Technically, legally, this is total bullshit and will not stand up in court. Copyright ownership falls immediately upon the creator at the time of creation, unless the creator was specifically hired to create the intellectual property in question, in which case, the hiring party owns copyright. This means that [The Company], no matter what they say in this contractual agreement, has no legal authority to grab copyright ownership of things they didn't pay you to create--and they certainly can't take ownership of something that someone else paid you to create. Generally, there are local state laws that say as much, but, generally, it's an unnecessary legal addition to aid court battles that already have common sense on their side.

Peeve #3: Survivability of your obligations, but not mine
Either Party may terminate this Agreement at any time for any reason or no reason upon written notice to the other Party. Employee's obligations set forth herein will survive termination of this Agreement.
This one is actually scary and really screwed up. If you see this phrase in a contract, you better waive a red flag. This means that as soon as you sign it, and they have a copy, they can send you written notice that the contract Agreement is terminated, thereby absolving themselves of any and all claims and responsibilities falling within the Agreement, while you are still under all the provisions of the Agreement. How evil is that? That's pretty damn evil. I've seen this on multiple occasions. The only time I signed a contract with this phrase was once when I verified that the only obligation defined for me in the contract was to complete any work that I agreed to complete, in other written agreements, from time to time, which means that if I don't agree in other writing to do any work, I'm not obligated to do anything.

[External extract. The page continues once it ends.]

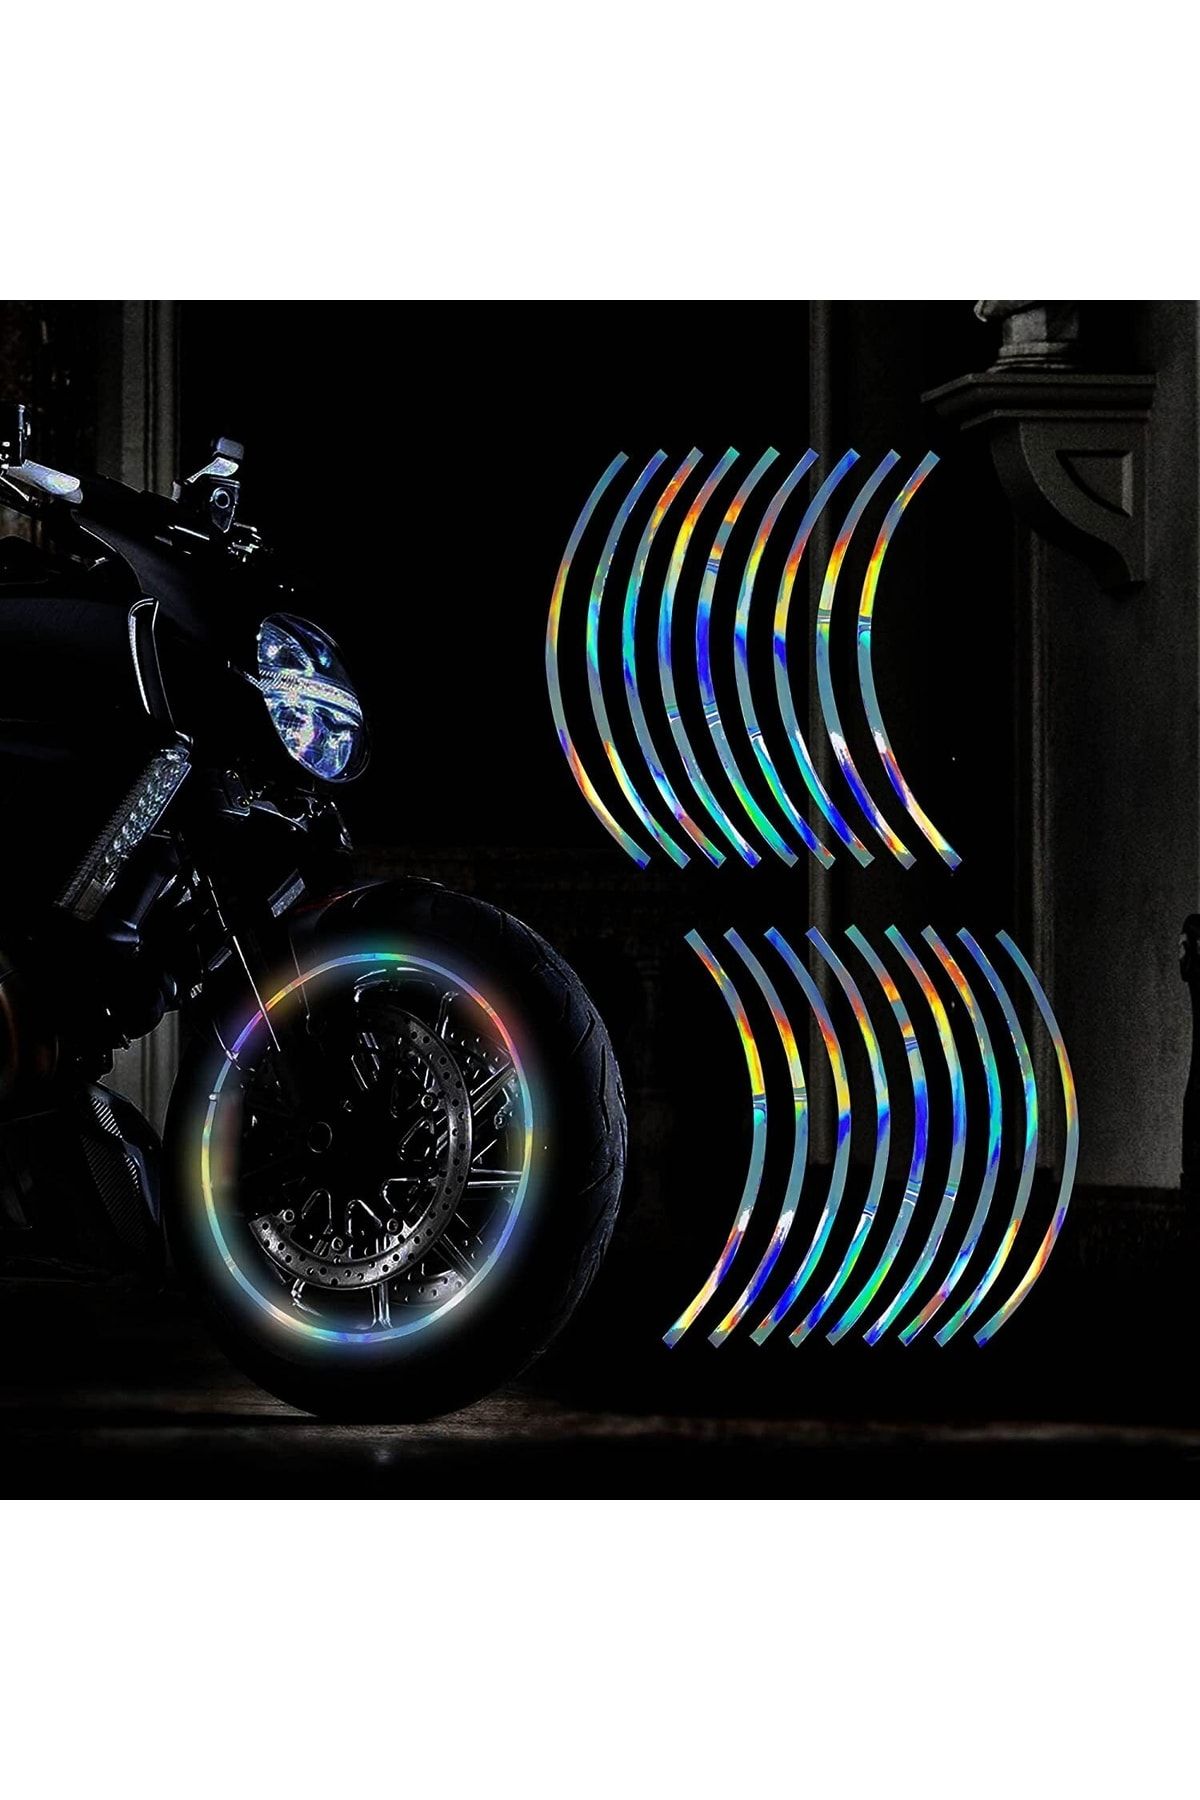 ÖZKAŞ Hologram Tekerlek Şerit Moto Araba Uyumlu Oto Aksesuar Motorsiklet Aksesuar Sticker

Peeve #4: You will protect us!
Employee hereby agrees to indemnify, defend, and hold [The Company] harmless from any liability for, or assessment of, any claims or penalties with respect to such withholding taxes, labor, or employment requirements, including any liability for, or assessment of, withholding taxes imposed on [The Company] by the relevant taxing authorities with respect to any compensation paid to Employee or Employee's partners, agents, or its employees.
Not only will you not try to sue us, but you will testify on behalf of us if it comes to court. You will defend us. Bullshit. You cannot contractually force someone to commit perjury or even to show up to defend you. However, indemnity is contractual. This does remove your right to sue, unless they are breaking actual laws, in which case the contract cannot protect them.

In closing:

Lawyers just pull in whatever blurbs they like that protect the company as much as possible, which usually means giving you absolutely no protection or rights. It's really important to not only read this stuff but to make your own notes and adjustments and stand up for yourself. If nobody ever says anything about these contracts, lawyers will keep making them worse and worse. However, make sure you are worth the fuss; for a lot of companies, their lawyers are $350/hour and too expensive to pay to deal with 1 prospective employee. But it can be worth it.

A contract that doesn't have at least one revision is a one sided contract.